We did a mixture.
Independent school nursery from 3 years because the option was a playgroup with limited curriculum and resources. The nursery provided French, ballet, swimming, music, lots of interesting activities. They loved it.
We were offered scholarship for our eldest two into preprep but declined as we wanted our children to have a better sense of community and belonging closer to home and linked to our church. There was a very, very good primary that really celebrated achievement, had good parental involvement, offered a well differentiated learning programme and allowed our children to mix with the wide spectrum of society rather than ‘ivory tower children’.
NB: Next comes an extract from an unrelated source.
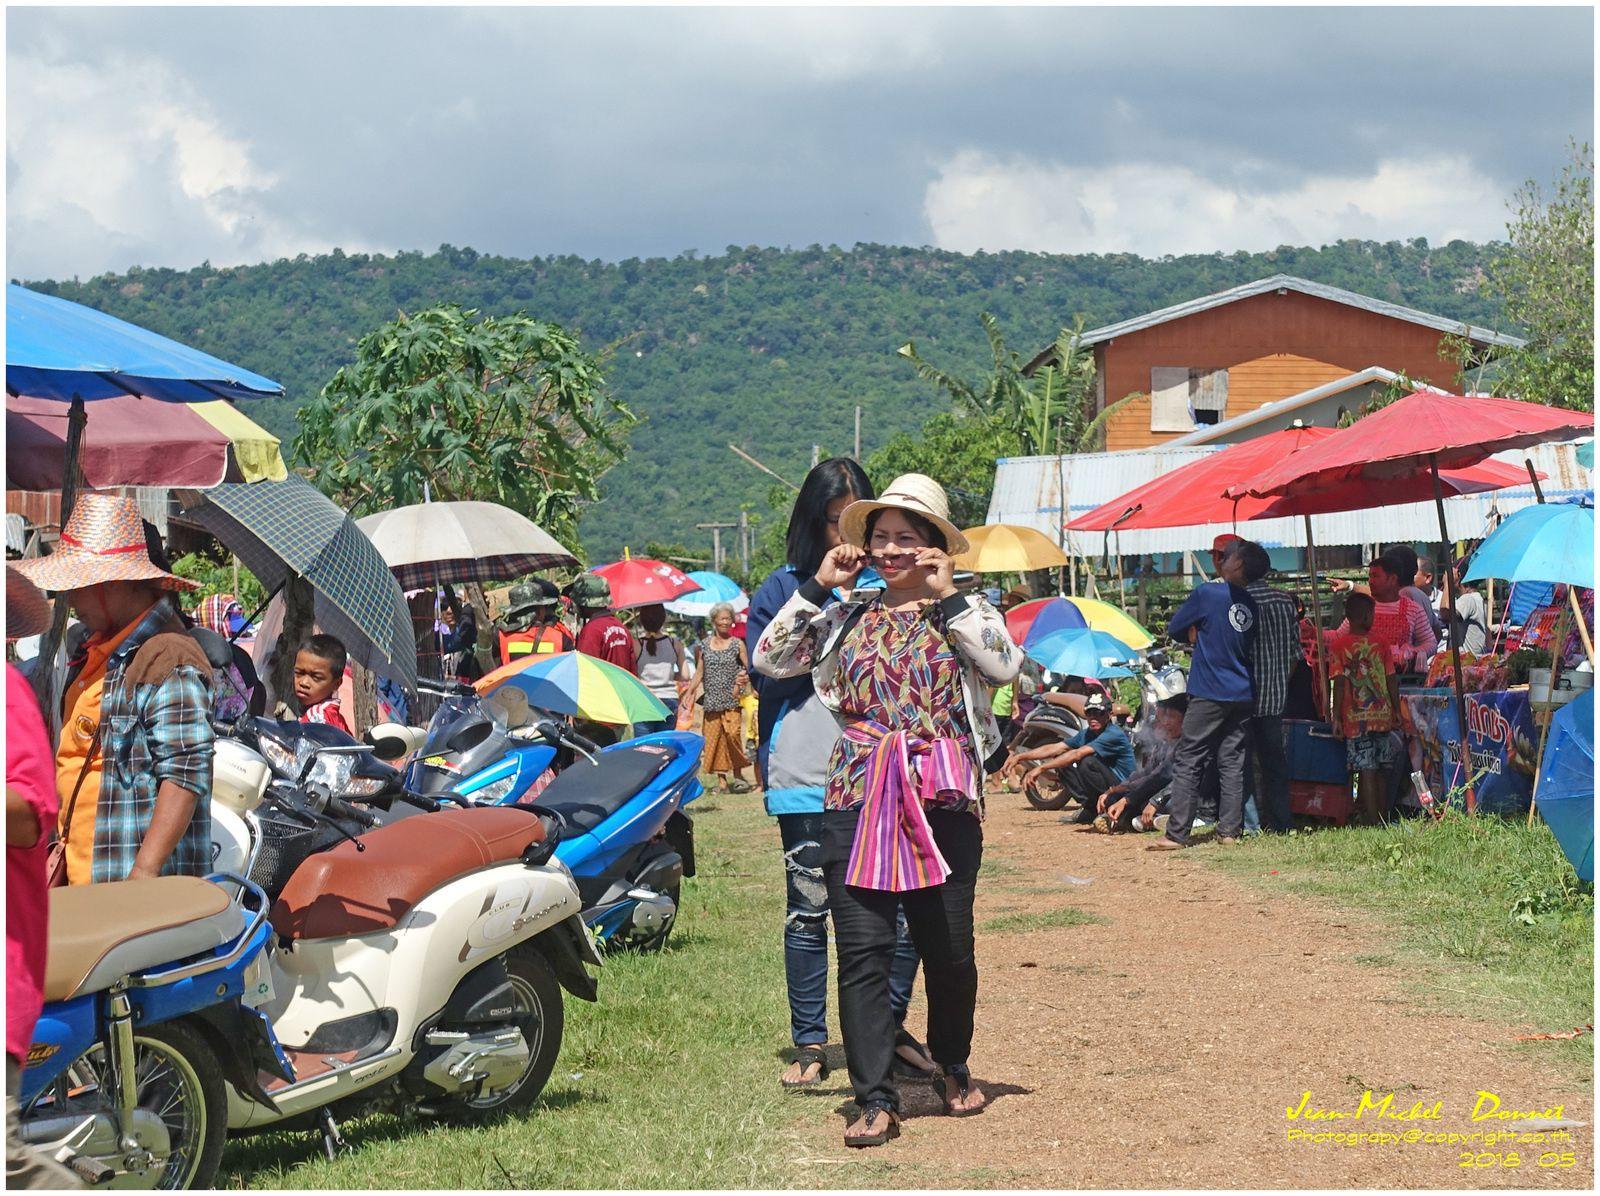 Festival des fusées (Thaïlande, Isaan)  ประเพณีบุญบั้งไฟ

We stayed with state most of the way through secondary because there were better qualified teachers, opportunities to work alongside all abilities whilst being encouraged to stretch themselves and better roots within local community.
Illness meant we decided at a late stage to transfer them to a top full boarding school. Our eldest was already about to go off to university, so did entirely state. The advantages for us was that illness didn’t impact on their learning and achievement and there was no guilt/logistical nightmare around hospital admissions.
They had many advantages in terms of networking, pastoral support and a smoother, more controlled UCAS process with stronger guidance/checking around coursework. They had opportunities not available outside the independent sector such as ongoing support through alumni. They got amazing free holidays from very rich friends! Their accent may have been polished a little but the children locally are usually well spoken anyway so it was just tweaking rather than pure Eliza Doolittle.
What they didn’t get was increased self reliance - they were spoon fed, rather. They didn’t continue to work alongside children of all backgrounds and got a bit smug, if I’m honest. The youngest lost touch with financial reality and struggles now thinking that she is a bit hard done by.